– Артур, – сказала она, когда он ввел ее в обеденный зал, и внезапно осознала, что впервые назвала его по имени. – Кто такая Элинор?
Он помедлил, вздохнул, глядя на стол, затем произнес почти неохотно:
– Моя мать…– Казалось, он не в силах закончить фразу, потом он откашлялся. – Моя мать – замечательная женщина.
* * *
"Мать". Когда Артур Баннермэн произносил это слово, его лицо выразило целую гамму чувств, причем многие из них были противоречивы. Алекса подумала о том, смогут ли они после обеда спокойно потанцевать, а потом, с некоторым сомнением, о своем умении по этой части.
Баннермэн говорил о своей матери с определенным страхом, который казался удивительным в человеке на шестом десятке лет. Элинор Баннермэн, видимо, представлялась старшему сыну запутанной паутиной обязанностей и правил, превышающей все, что он мог измерить, и, однако, для нее все еще недостаточной.
За едой он рассказывал об Элинор. В его словах звучала не любовь, но благоговение. Это из-за нее, – пояснил он, федеральное шоссе штата Нью-Йорк было проложено к Олбани по западной стороне Гудзона, хотя по первоначальному плану оно должно было проходить, Господи помилуй, ч е р е з Кайаву. Поэтому тогдашнего губернатора Дьюи пригласили в Кайаву, дабы тот передал недовольство Элинор президенту Эйзенхауэру. Тот же, будучи республиканцем и генералом, знал, когда мудрее будет отступить, и приказал проложить новый маршрут. Только по настоянию Элинор все еще работала железнодорожная станция в Кайаве, снабженная контролером и носильщиком, хотя в день там останавливался всего один поезд. Личный пульмановский вагон Кира Баннермэна все еще стоял в депо, в превосходной сохранности, а законное право семьи Баннермэнов прицеплять его к любому экспрессу на Гудзонской линии вызывало комичные, но изматывающие затруднения для юристов при слиянии при слиянии Нью-Йорского Центрального вокзала с Антраком. Решимость Элинор противостоять ликвидации маленького скалистого острова посреди реки Гудзон потребовала от нее борьбы с тремя энергичными губернаторами штата Нью-Йорк, Военно-инженерным корпусом США и федеральной береговой охраной, но остров оставался в ее руках, или, во всяком случае, перед ее глазами, а главный судоходный канал прорыли, с огромными трудностями и затратами денег налогоплательщиков, по другую сторону острова.
Алекса пыталась выбросить из головы эту устрашающую тень, нависавшую над жизнью Артура Баннермэна, и вместо этого сосредоточиться на танцах.
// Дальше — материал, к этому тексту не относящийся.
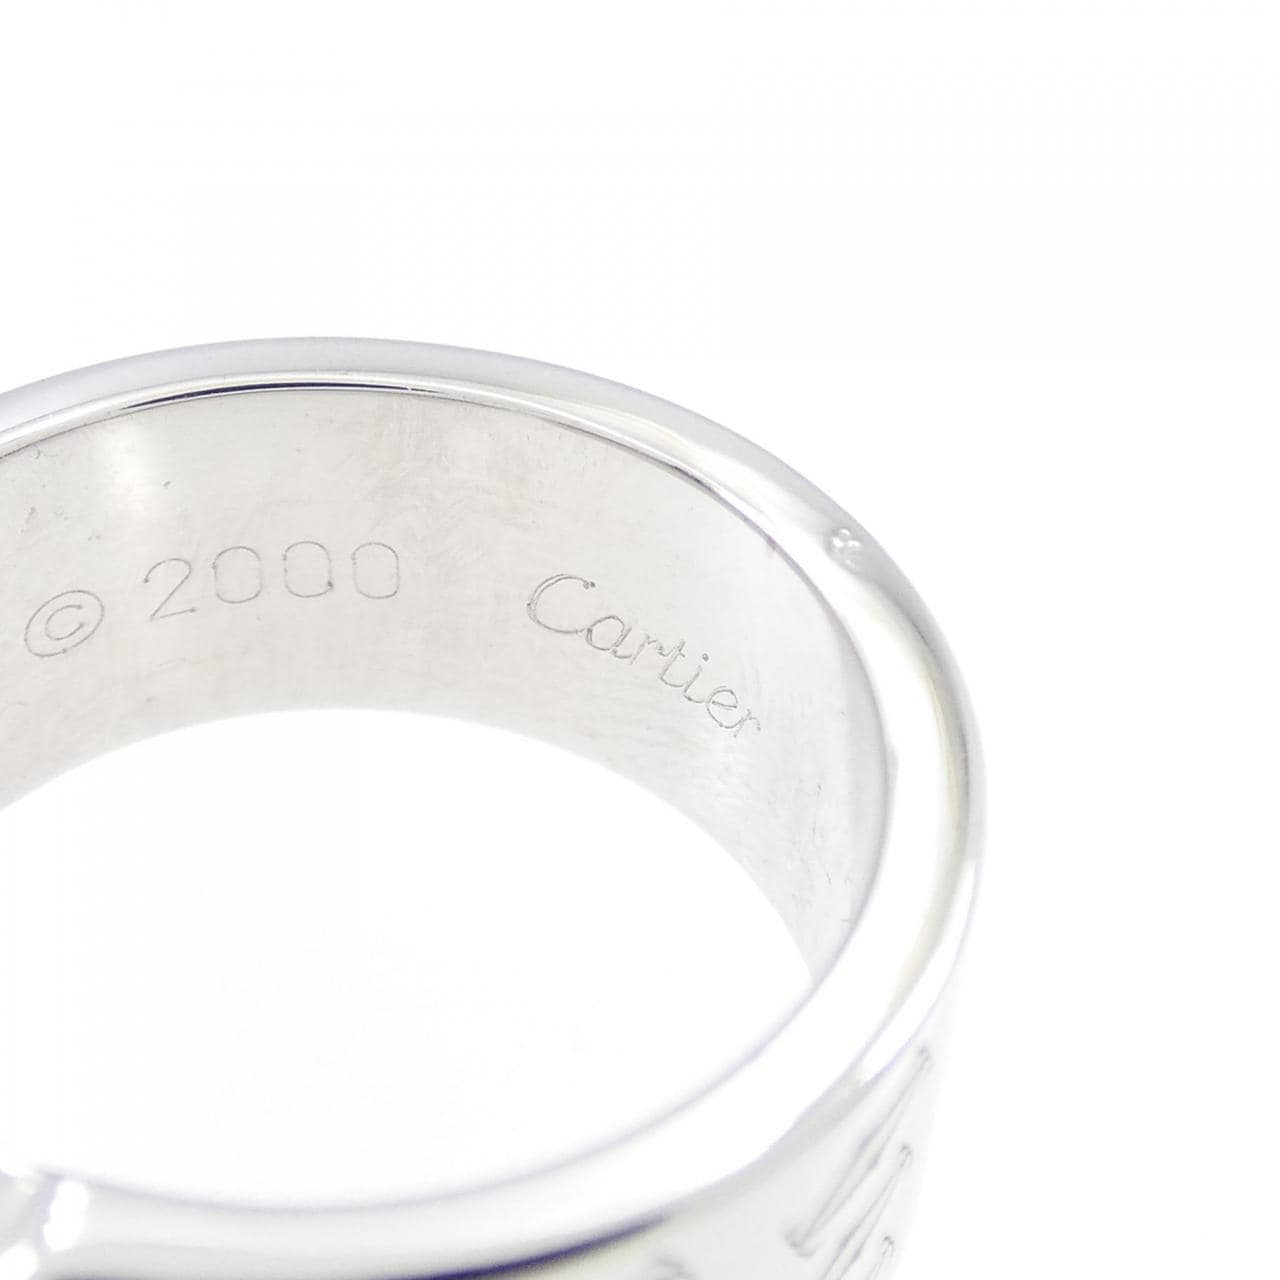 Cartier C2 2000 X'mas limited ring
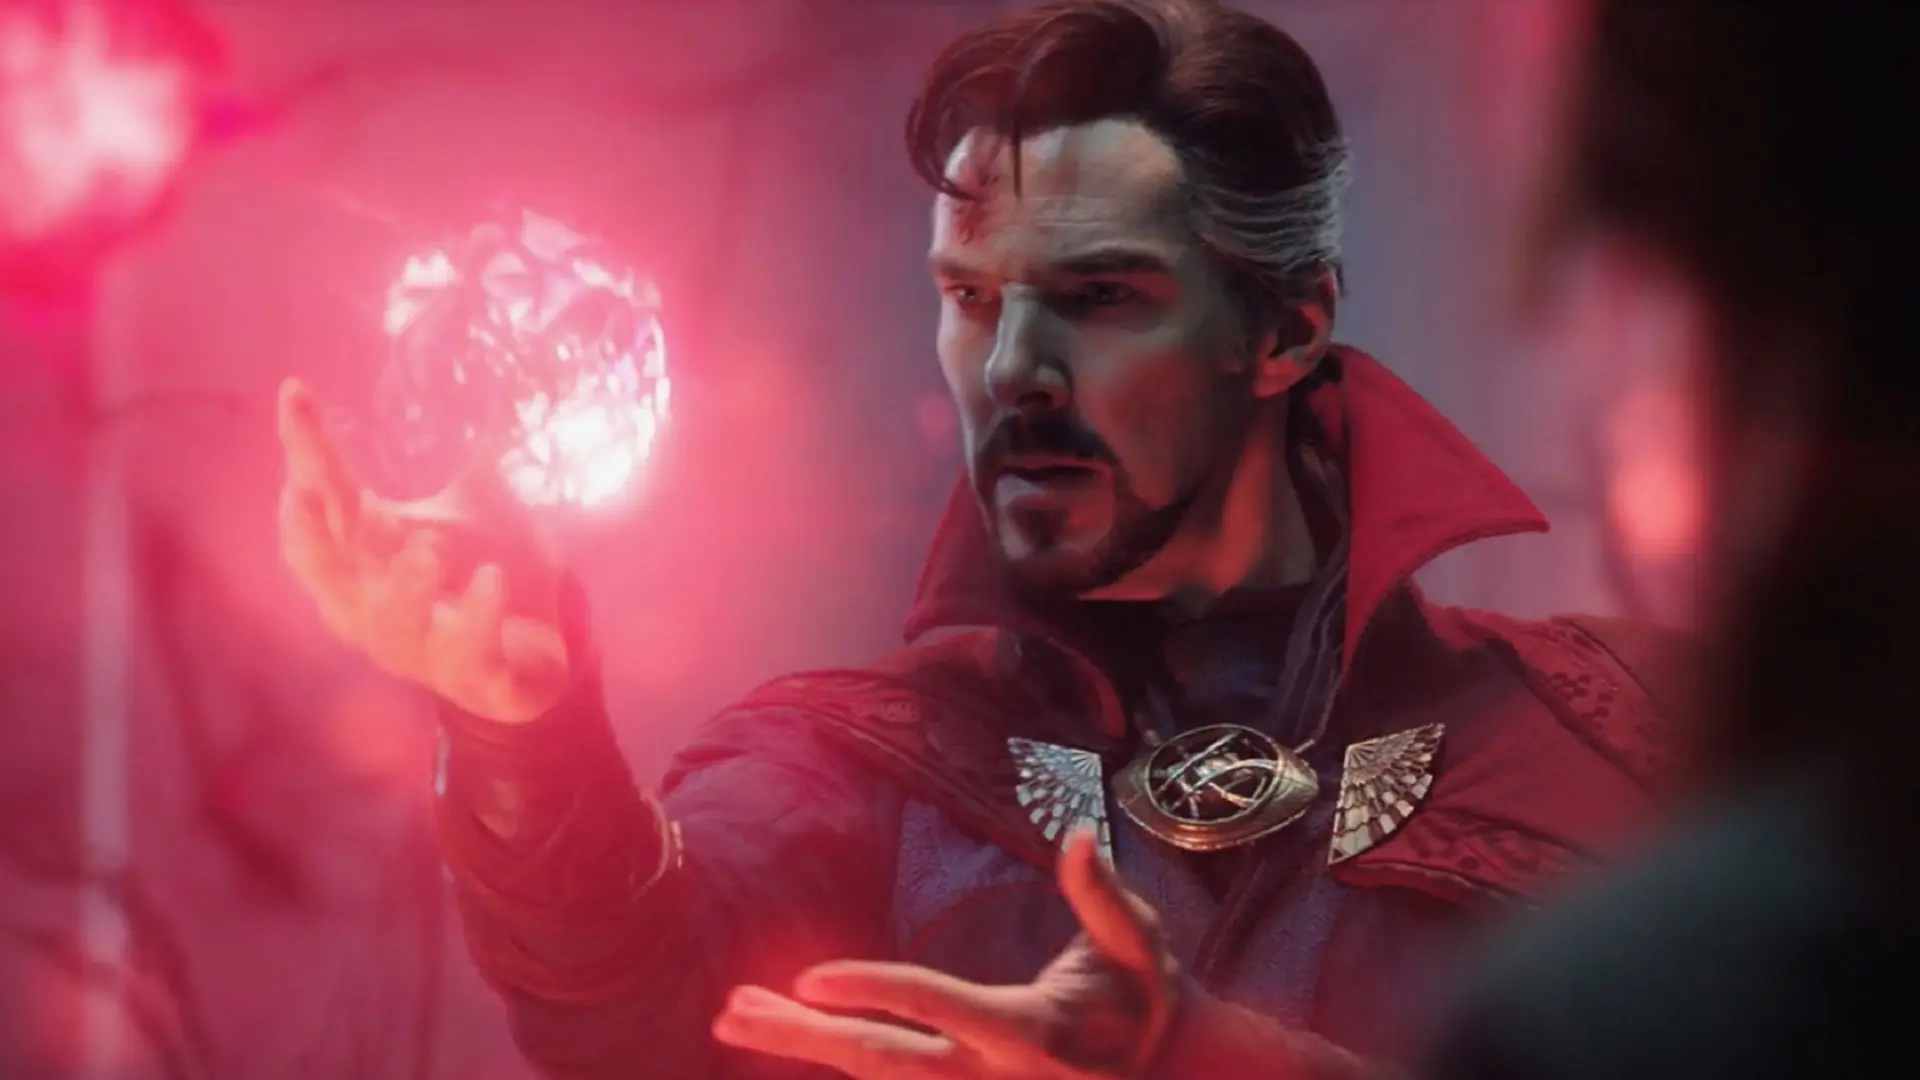 What series and movies did you watch at Disney Plus to understand Doctor Strange 2

Похоже, о том же думал и сам Баннермэн. С танцами, медленными, старомодными, ей не часто приходилось сталкиваться, да она и не умела хорошо танцевать. По правде, дома, в Ла Гранже, девочек учили каким-то танцевальным движениям – тем, какие знали их матери и бабушки, и она вспоминала топтание в школьном спортзале, как правило, шерочка с машерочкой, в то время, как мальчики жались по стенкам, краснея и хихикая, под музыку иной эры, но когда она выросла для н а с т о я щ и х танцев, ничто из этих скудных знаний не пригодилось. К ее испугу, Артур Баннермэн танцевал превосходно, с энтузиазмом, заставившим ее устыдиться.
Она была благодарна ему за такт.
– Я несколько неловка, – извиняющимся тоном произнесла она.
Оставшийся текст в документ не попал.